__Exercise objective__.
Your task is to copy the data exactly while leaving out every picture.

__Given material__.
=====

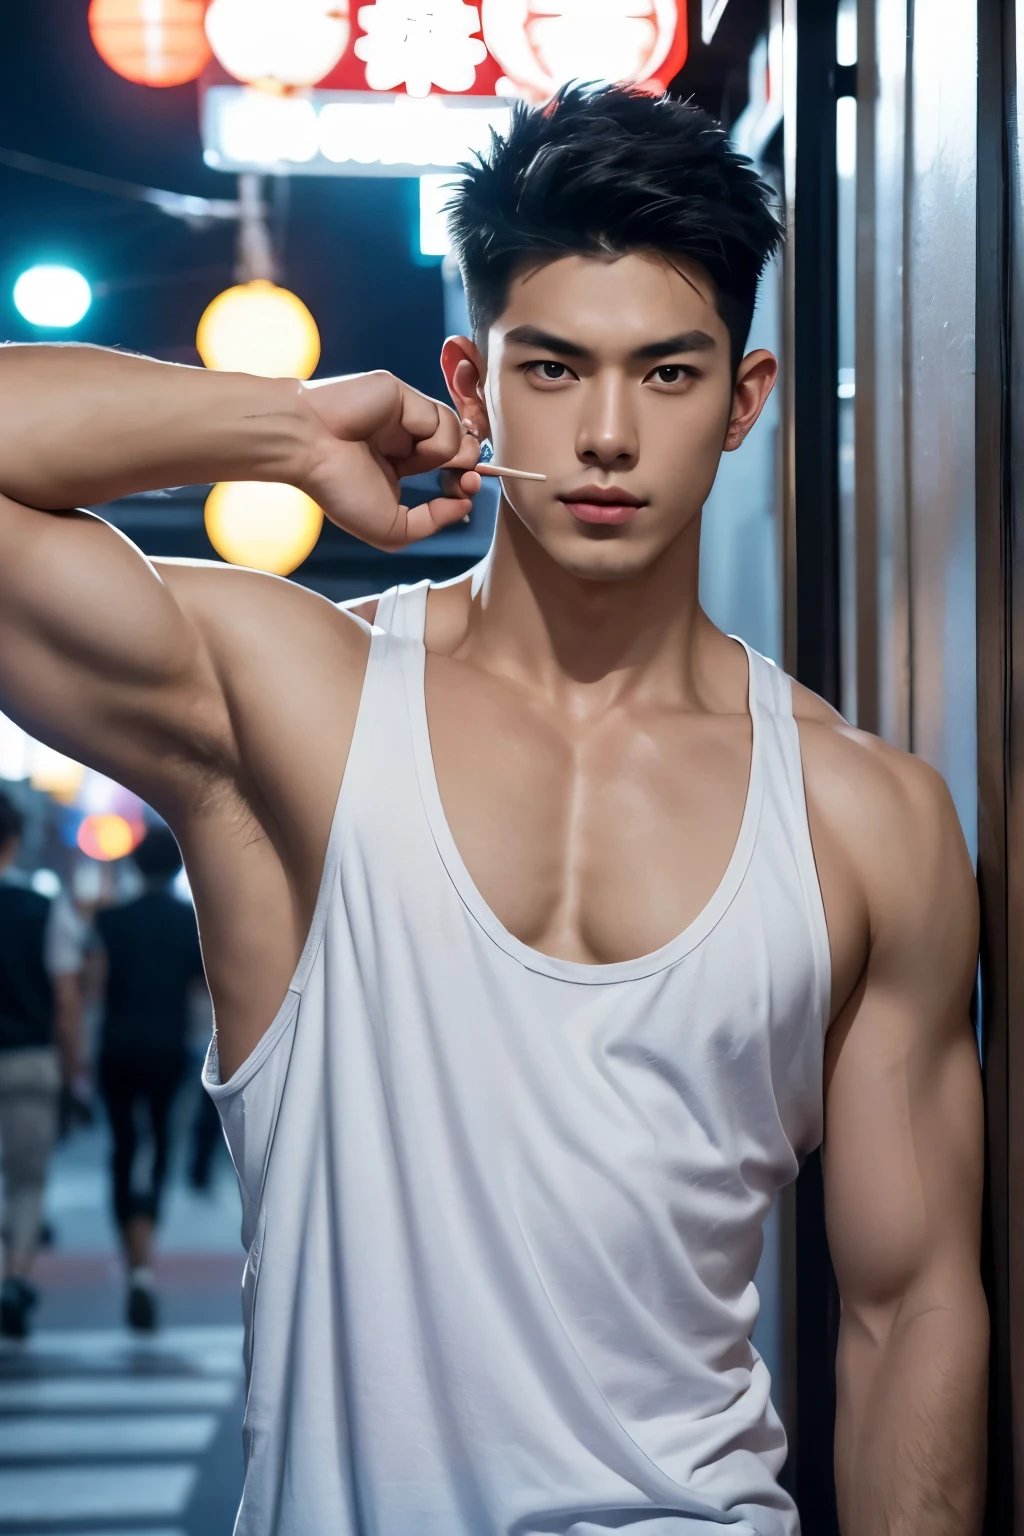 Japanese male male model, big muscles, handsome, cool, smoothly combed hair, pierced ears, wearing a loose tank top, holding a lollipop, portraiture, modeling, dynamic pose, Japanese street, late at night, store lights trade, full half body shot 
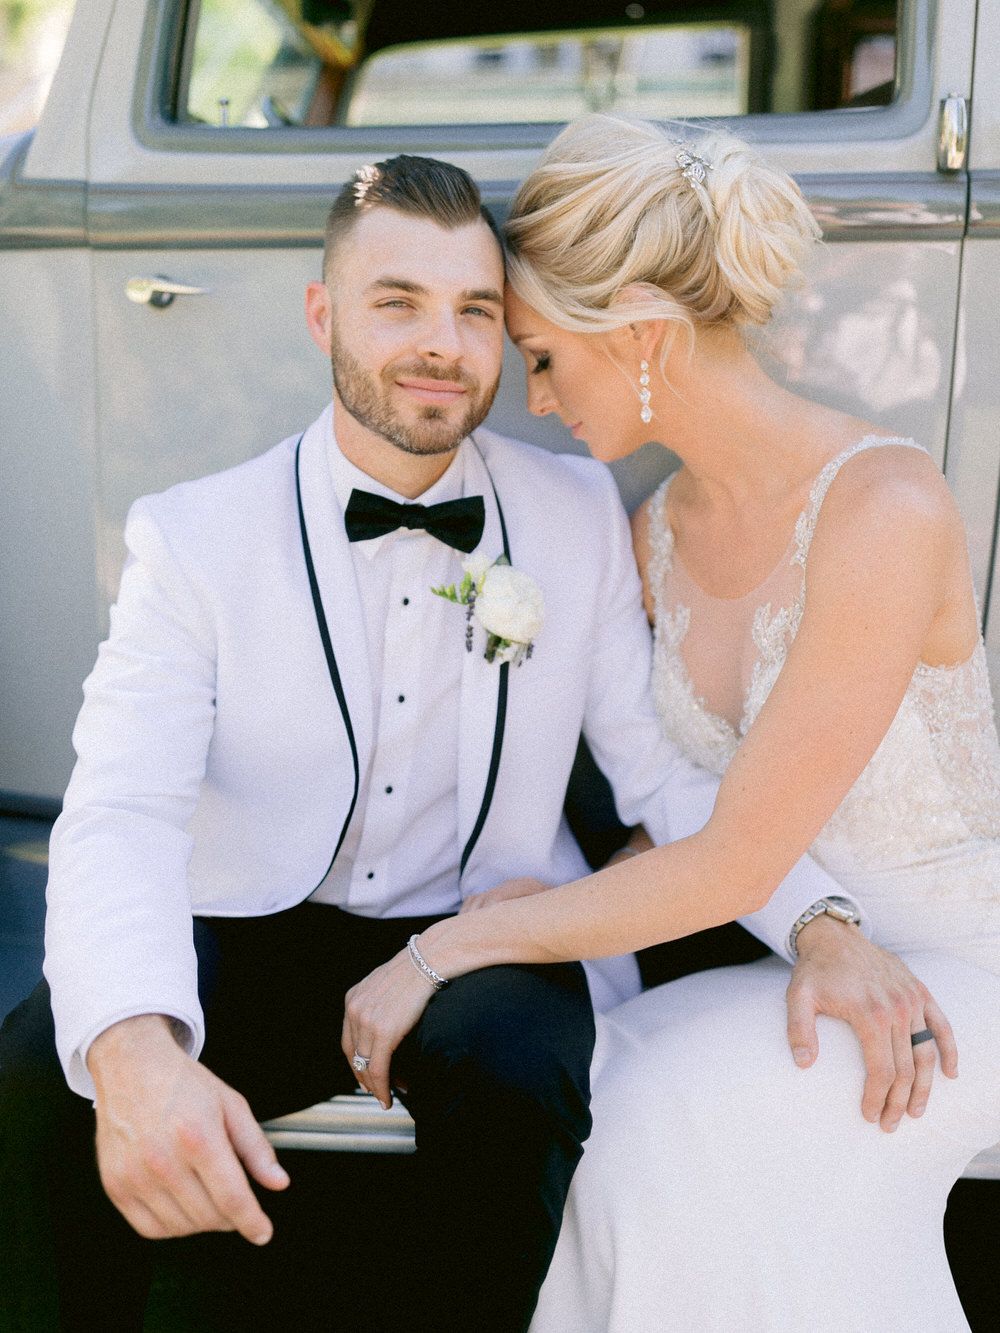 This Iconic Black and White Wedding Will Have You Saying YES To Classic  Details!
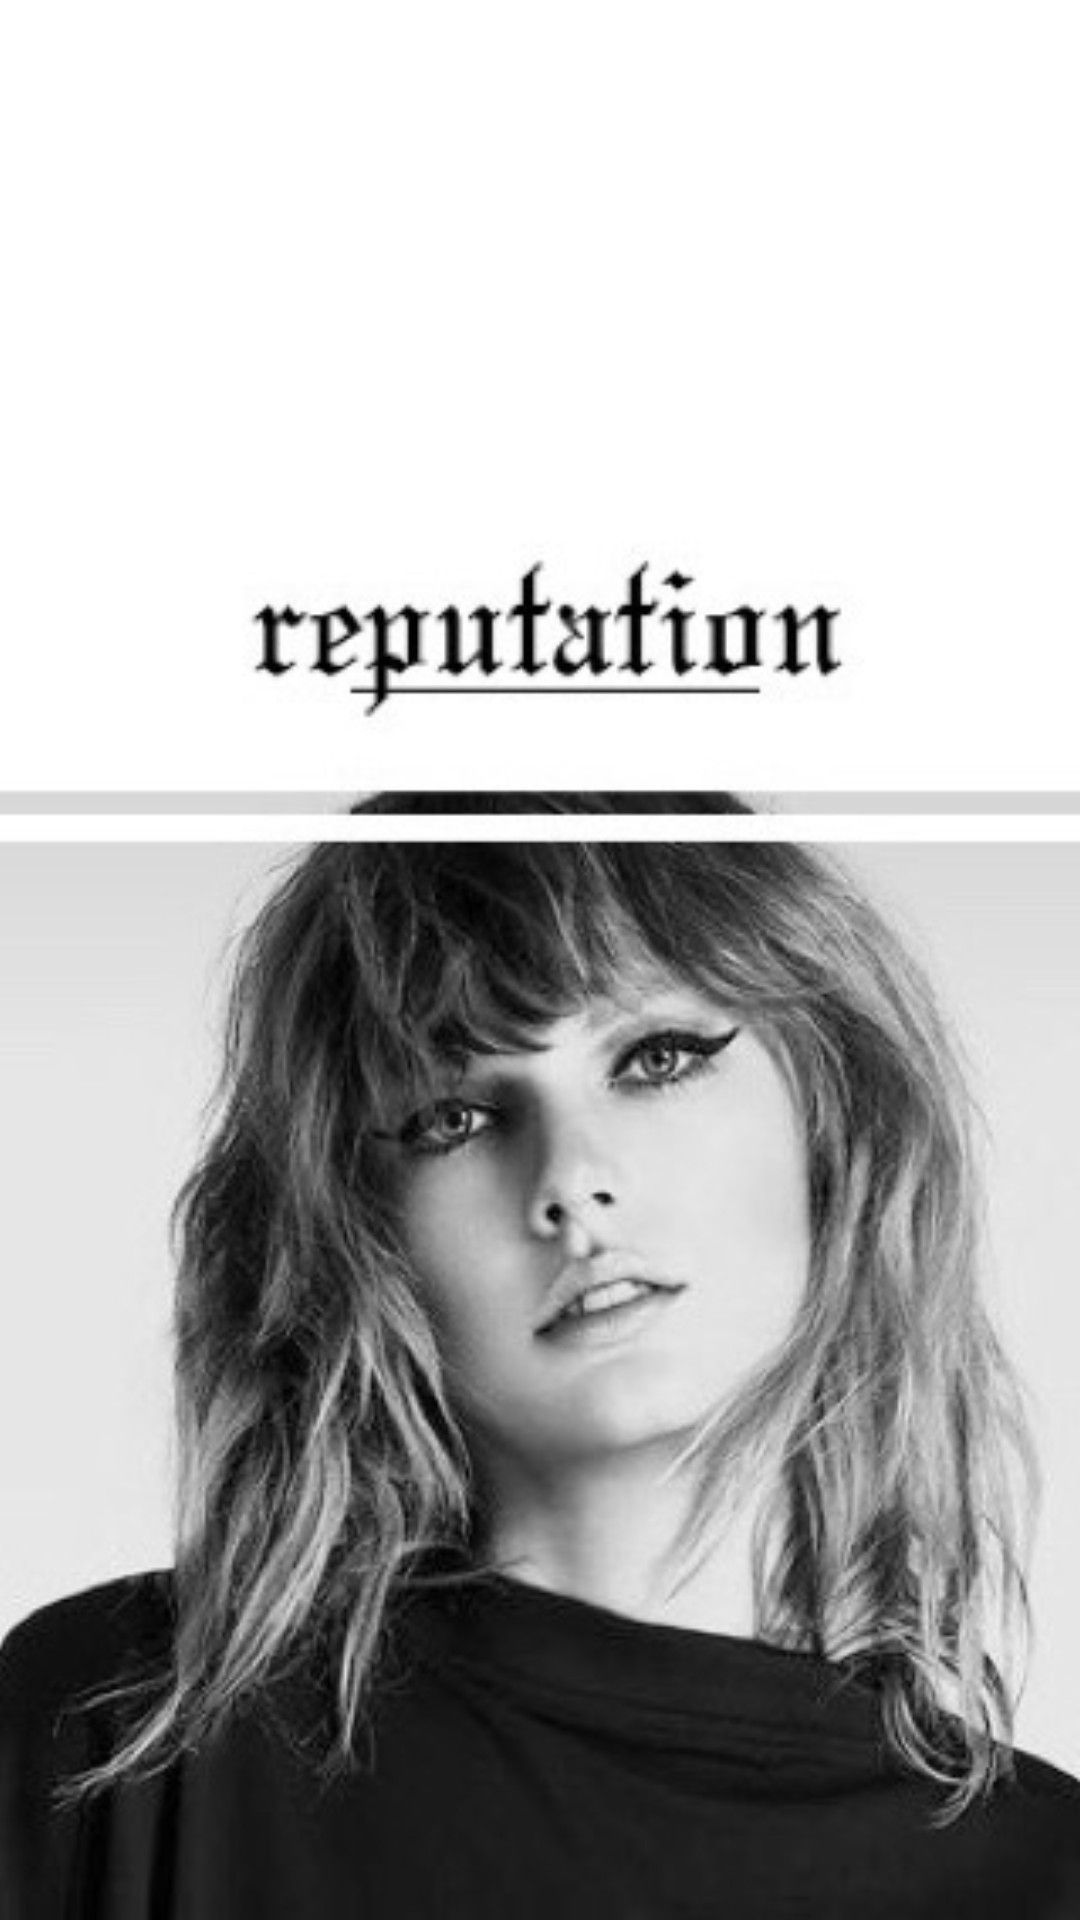 taylor swift iphone wallpaper,hair,face,white,hairstyle,text

=====

__Exercise result__.
 Japanese male male model, big muscles, handsome, cool, smoothly combed hair, pierced ears, wearing a loose tank top, holding a lollipop, portraiture, modeling, dynamic pose, Japanese street, late at night, store lights trade, full half body shot 
 This Iconic Black and White Wedding Will Have You Saying YES To Classic  Details!
 taylor swift iphone wallpaper,hair,face,white,hairstyle,text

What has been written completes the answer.